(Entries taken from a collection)

----

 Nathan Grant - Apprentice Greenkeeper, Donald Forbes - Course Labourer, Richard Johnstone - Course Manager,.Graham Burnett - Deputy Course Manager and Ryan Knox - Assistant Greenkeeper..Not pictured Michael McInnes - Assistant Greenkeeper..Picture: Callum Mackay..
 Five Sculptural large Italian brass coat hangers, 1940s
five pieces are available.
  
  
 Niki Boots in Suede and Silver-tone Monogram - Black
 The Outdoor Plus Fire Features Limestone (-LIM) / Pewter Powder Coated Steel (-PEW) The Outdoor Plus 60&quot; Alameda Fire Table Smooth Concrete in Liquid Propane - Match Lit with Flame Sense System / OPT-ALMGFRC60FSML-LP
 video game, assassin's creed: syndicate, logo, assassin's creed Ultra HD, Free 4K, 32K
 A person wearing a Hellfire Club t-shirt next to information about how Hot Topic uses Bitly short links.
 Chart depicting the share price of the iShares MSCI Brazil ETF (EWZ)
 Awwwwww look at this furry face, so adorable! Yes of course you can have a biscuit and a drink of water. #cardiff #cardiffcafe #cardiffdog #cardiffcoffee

----

* What you need to do
Beginning with the line that contains "five pieces are available.", return every line through the end of the data above, exactly as written.

* Task solution
five pieces are available.
  
  
 Niki Boots in Suede and Silver-tone Monogram - Black
 The Outdoor Plus Fire Features Limestone (-LIM) / Pewter Powder Coated Steel (-PEW) The Outdoor Plus 60&quot; Alameda Fire Table Smooth Concrete in Liquid Propane - Match Lit with Flame Sense System / OPT-ALMGFRC60FSML-LP
 video game, assassin's creed: syndicate, logo, assassin's creed Ultra HD, Free 4K, 32K
 A person wearing a Hellfire Club t-shirt next to information about how Hot Topic uses Bitly short links.
 Chart depicting the share price of the iShares MSCI Brazil ETF (EWZ)
 Awwwwww look at this furry face, so adorable! Yes of course you can have a biscuit and a drink of water. #cardiff #cardiffcafe #cardiffdog #cardiffcoffee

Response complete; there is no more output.